CLEAR transforms what is uniquely you – your fingerprints, your face, your eyes – into a secure, biometric key to frictionless experiences. We are creating a world where travel is effortless, where accessing your office building is as simple as walking in, and where shopping is as easy as walking in and out of a store—without ever once showing an ID or credit card. CLEAR currently powers secure, frictionless customer experiences in nearly 40 U.S. airports and venues. With over 3 million members so far, CLEAR is the identity platform of the future, today.
Our Director of Identity and Access Management (IAM) will lead a growing team taking our IAM strategy, technology, controls, processes, to the next level. Reporting to the VP of Security Engineering, and charged with building Clear’s Authentication, Authorization, Provisioning, Identity, Delegated Access, and Federation for employees, internal systems, clients, and Products.
What You Will Do:
- Architect and implement new Identity and Access Management systems for employees, clients, and systems.
- Drive roadmap, strategy, innovation, resourcing, budgeting for all aspects of IAM.
- Work with stakeholders to define and build functional and non-functional requirements to facilitate a balance between security and usability.
- You will lead the team responsible for building the core infrastructure to manage Single Sign On, Authentication, access logging.
- You will take part in creating one or more of the authentication systems that scales from millions to tens of millions of members, building enterprise API’s at scale.

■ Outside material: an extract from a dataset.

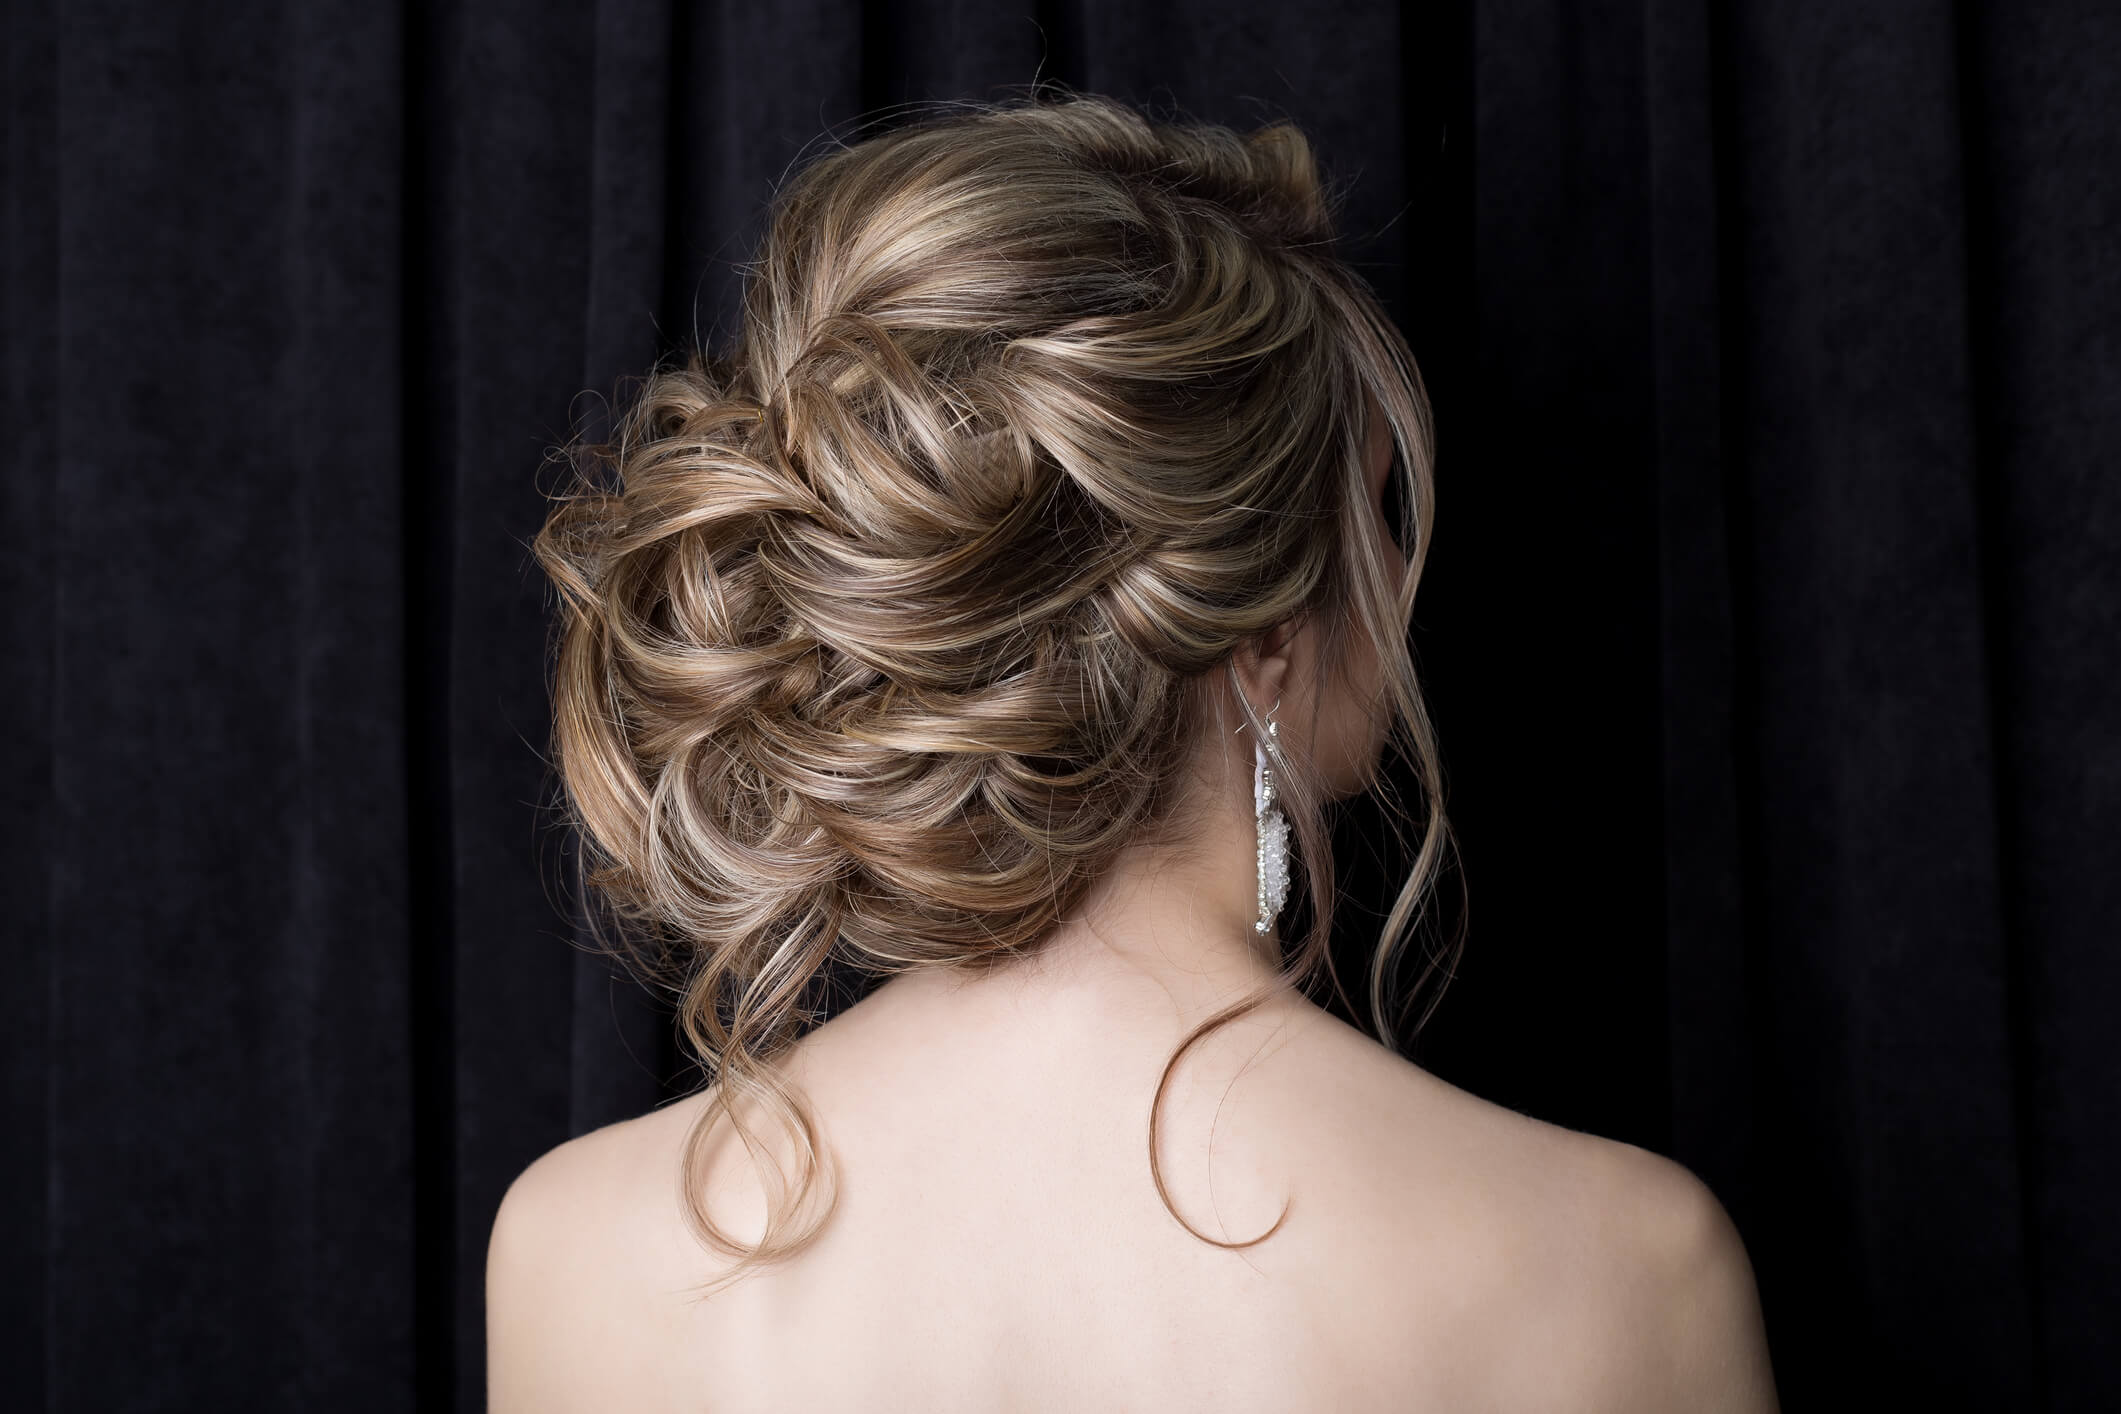 Image of a styled hair

- You will ensure all sensitive data is inventoried and restricted to systems and employees who need access.
- You will present IAM strategy and program updates to executives.
Who You Are:
- Minimum of 10 years in information security with 5 years focused in Identity and Access Management (IAM).
- Minimum of 3 years of managing a team.
- Experience with agile frameworks preferred.
- Strong working knowledge of IAM technology and related vendors.
- Strong working knowledge of OpenID Connect, 2FA/MFA, Active Directory, LDAP, OAUTH 2.0
- Personal passion for security and cutting edge security concepts.
- Comprehension of RESTful APIs, HTTP, and web APIs.
- Experience or knowledge with a cloud provider(s) (Amazon Web Services, Microsoft Azure, or Google Cloud).
- Experience with Okta, Duo, Keycloak/RedHat SSO.
- Ability to listen for nuances, dig into details in order to understand systems deeply, and articulate technical details and risks to business leaders.
- Excellent communication and organizational skills along with the ability to deliver along strict (and often time sensitive) guidelines.
- Familiarity with one or more industry standards and regulations such as PCI, NIST 800-53, FedRAMP and ISO27001.
- Strong experience with Okta, Duo, Keycloak/RedHat SSO.
- Some programming and scripting experience in C#, C++. Java, Python, BASH, Go, or something similar.
- Bachelor's degree or higher in Computer Science.